● SUPPLIED INFORMATION:
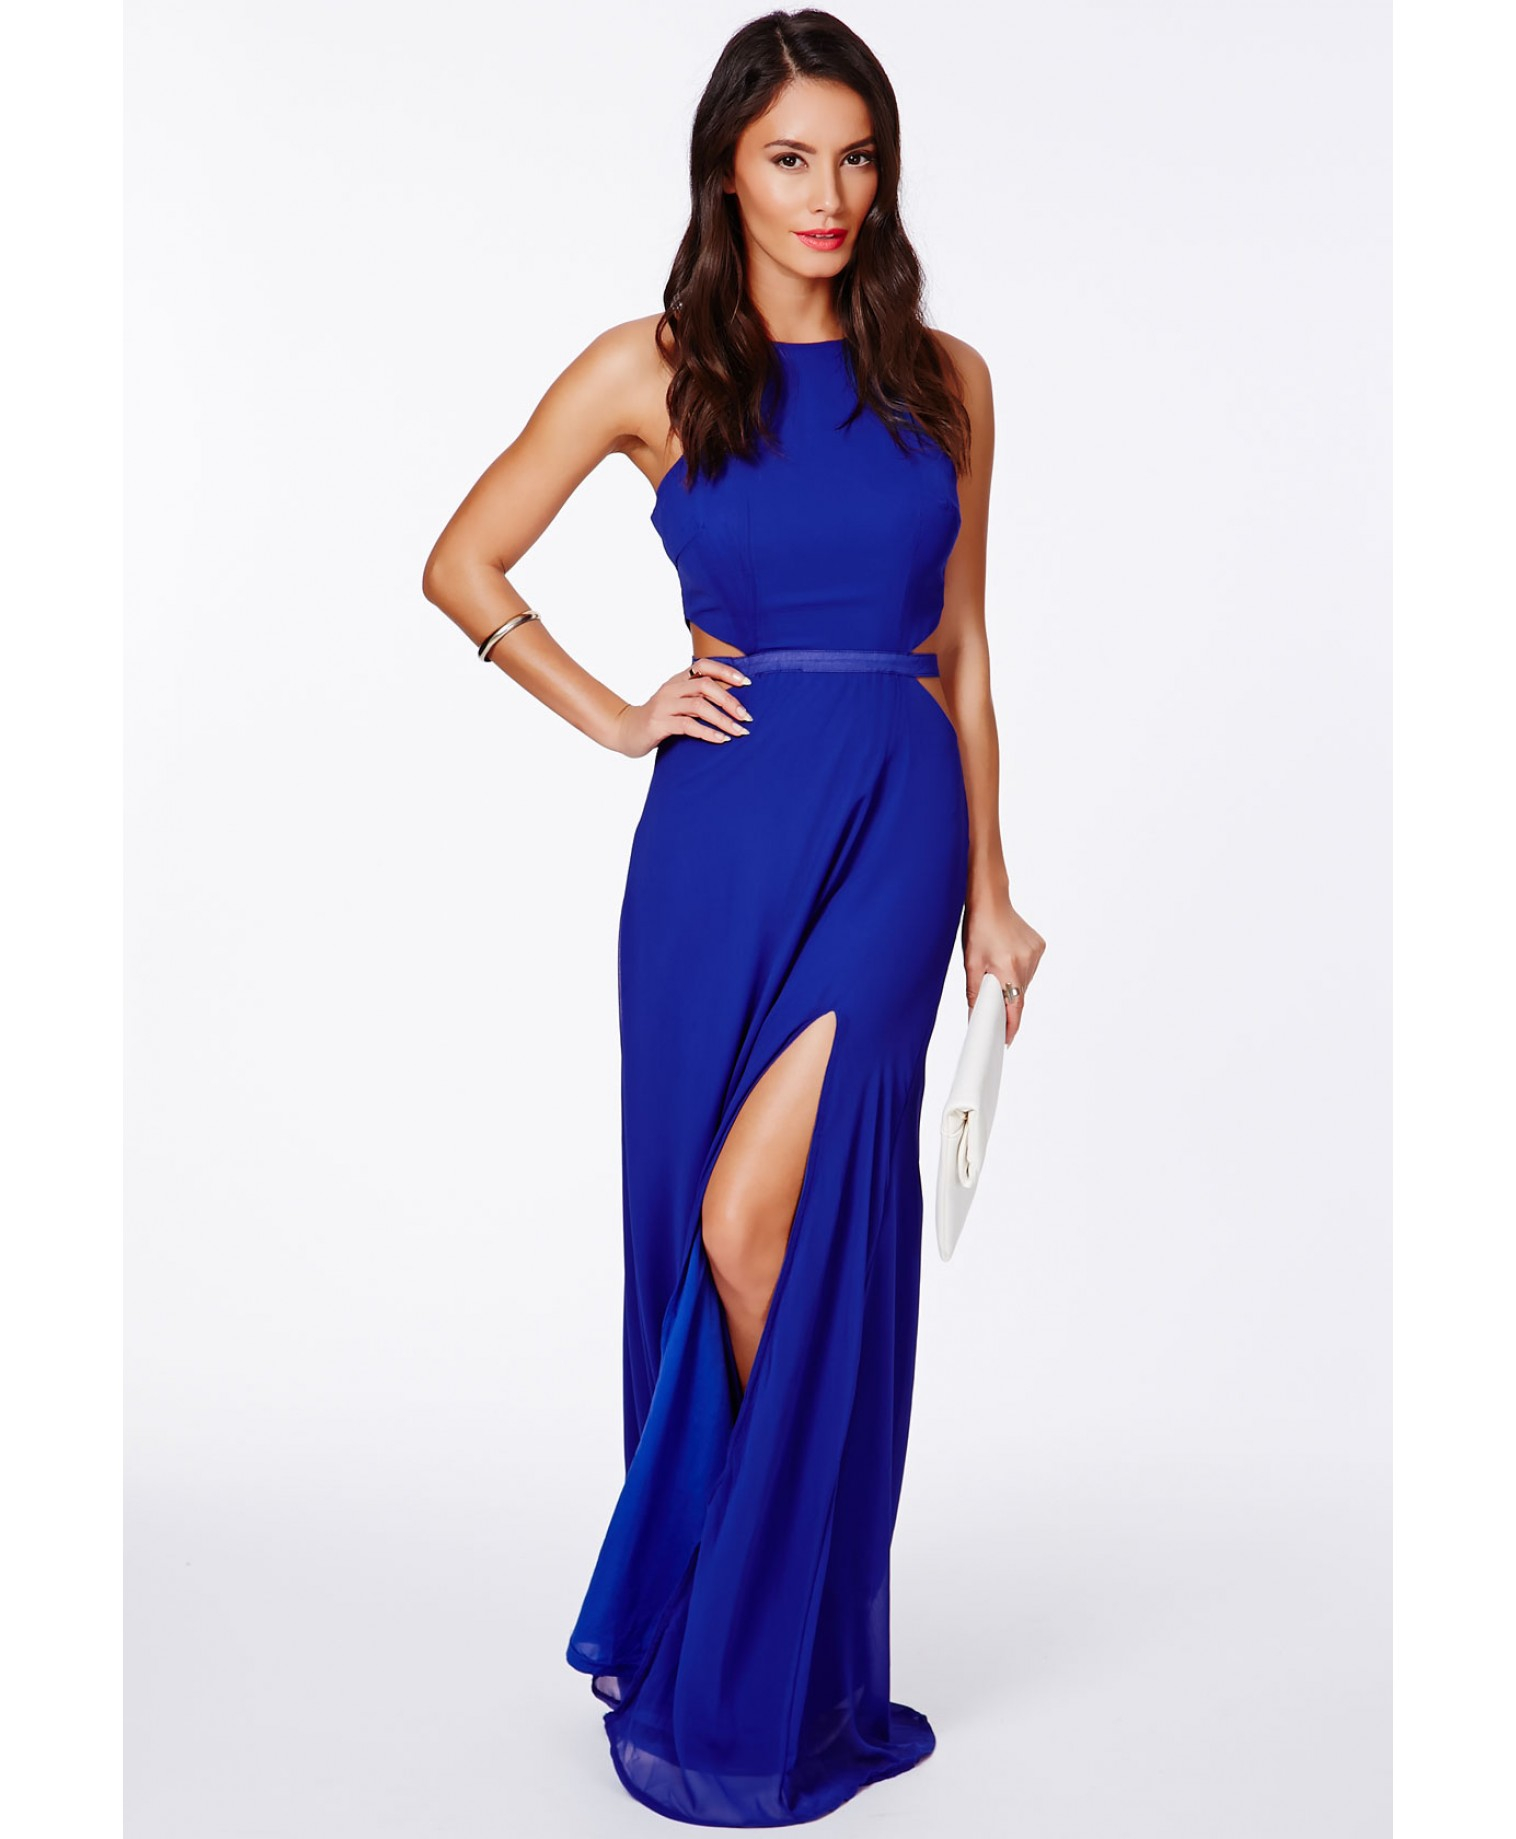 Lyst - Missguided Anthea Cut Out Split Maxi Dress In Cobalt Blue in Blue
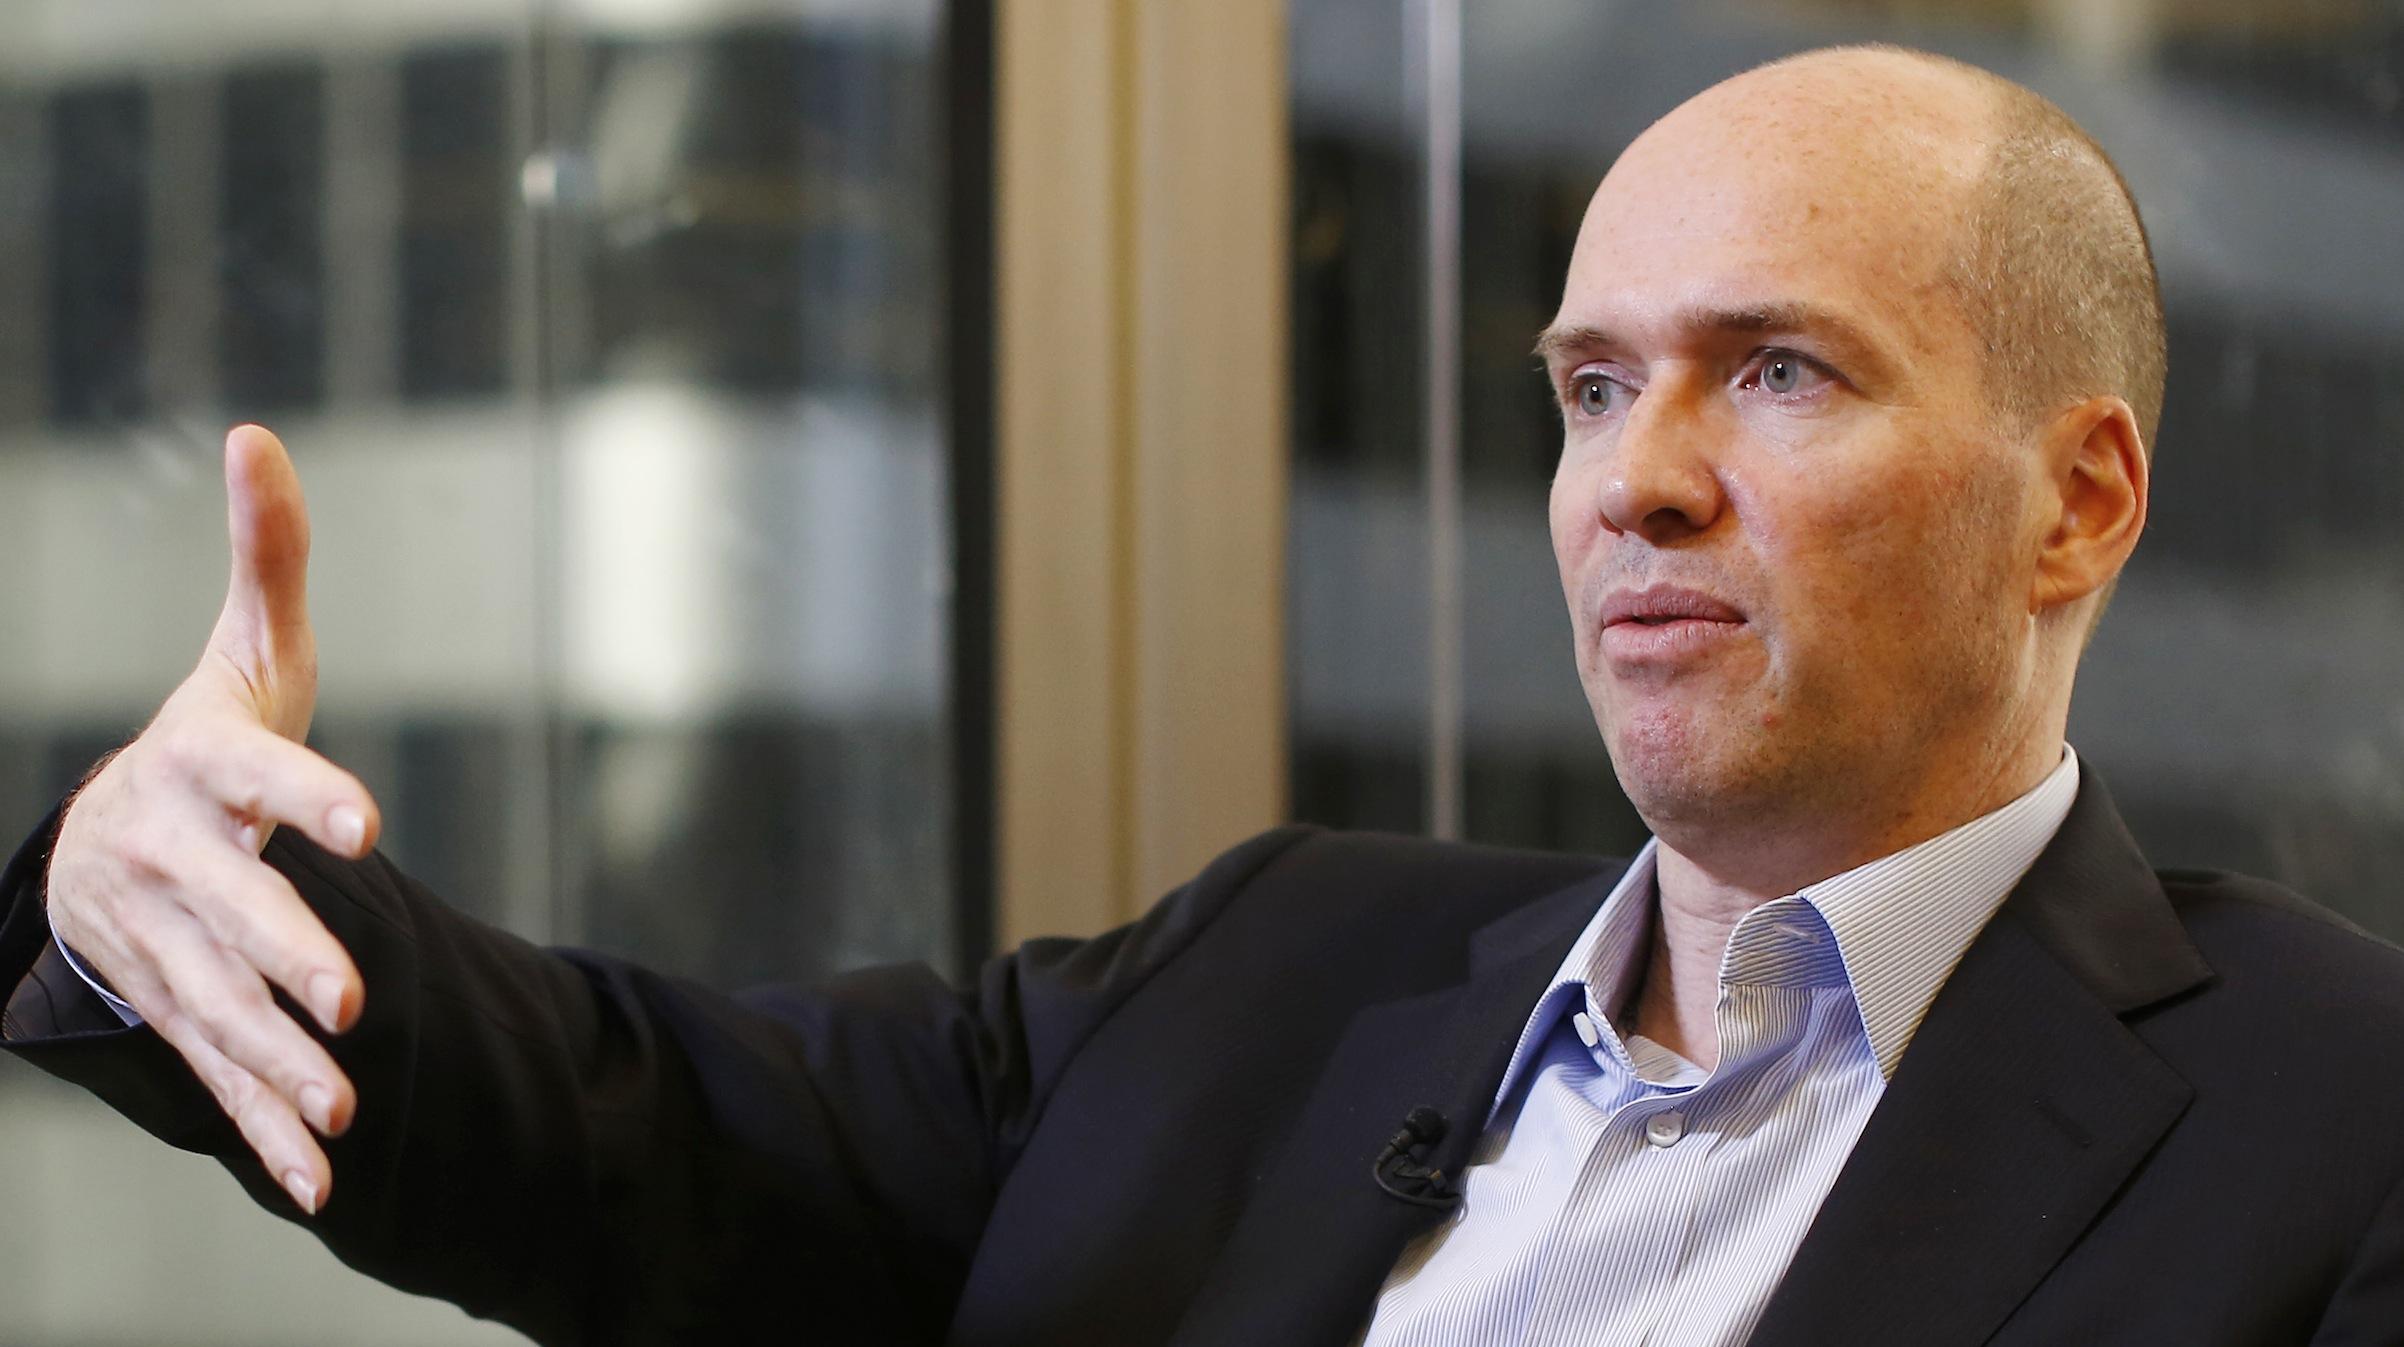 Ben Horowitz, General Partner at Andreessen Horowitz, speaks during the Reuters Global Technology Summit in San Francisco
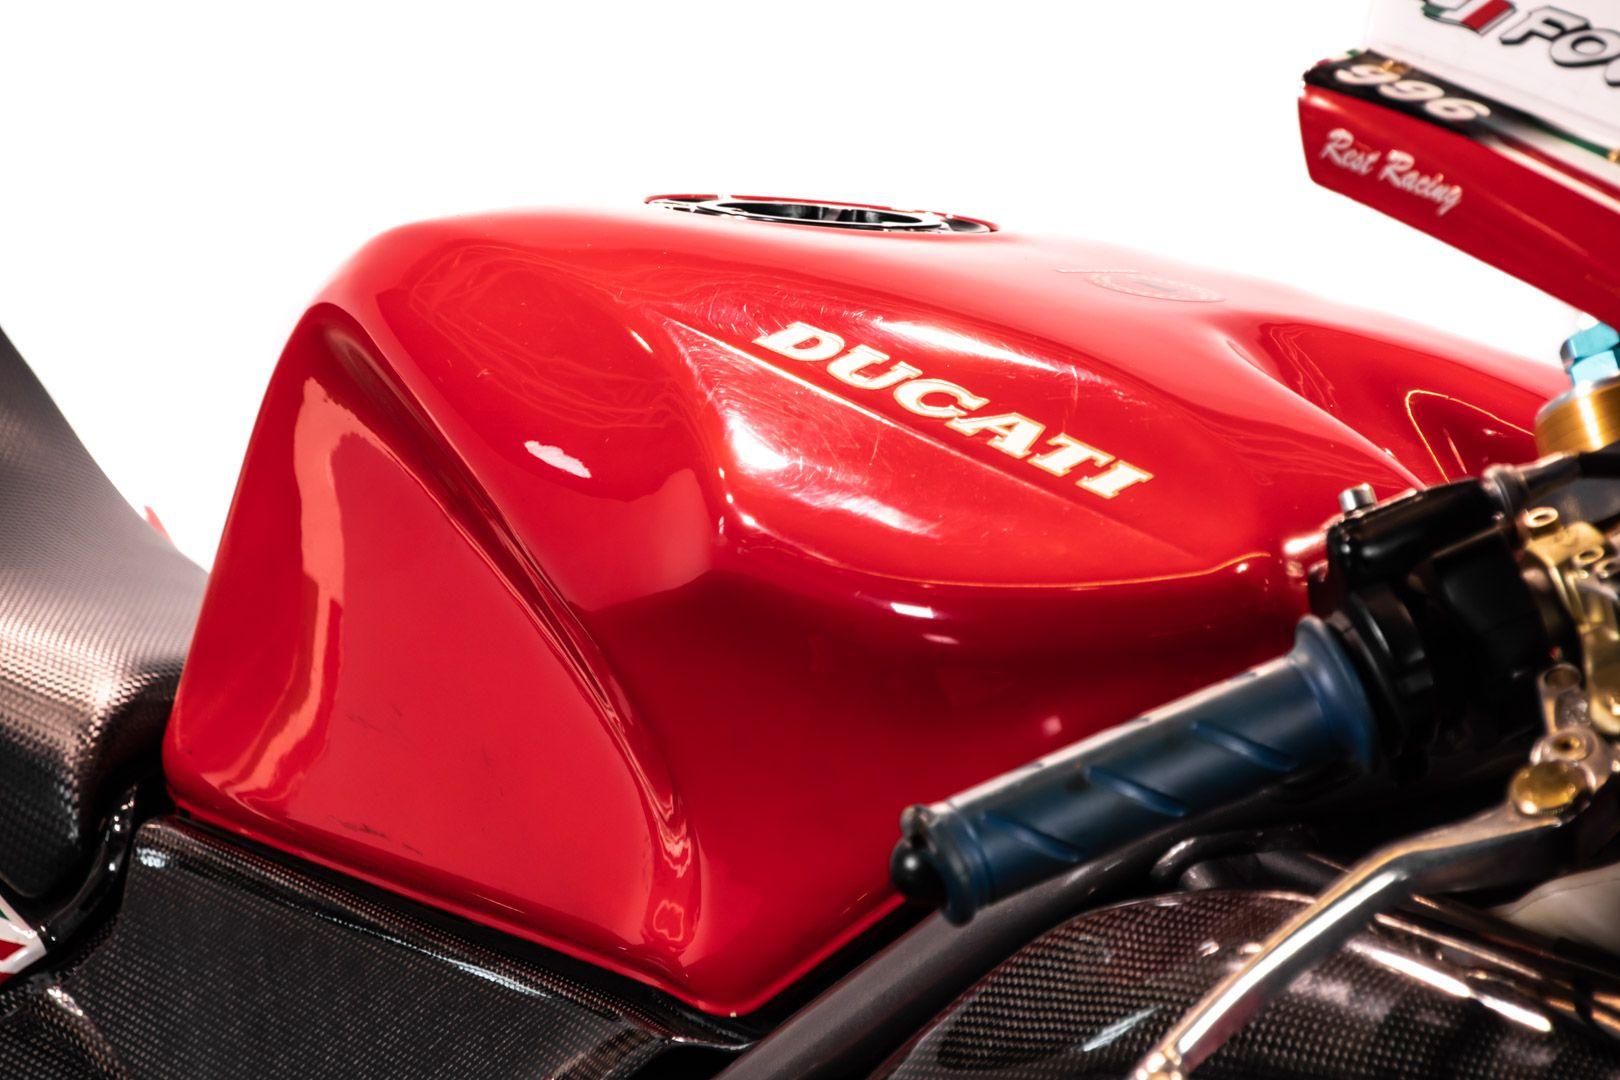 2008 Ducati 996 Fogarty Evocation 03/12 84223

● REQUIRED WORK:
Retype the listing above exactly as it appears, omitting the pictures.

● SOLUTION BELOW:
 Lyst - Missguided Anthea Cut Out Split Maxi Dress In Cobalt Blue in Blue
 Ben Horowitz, General Partner at Andreessen Horowitz, speaks during the Reuters Global Technology Summit in San Francisco
 2008 Ducati 996 Fogarty Evocation 03/12 84223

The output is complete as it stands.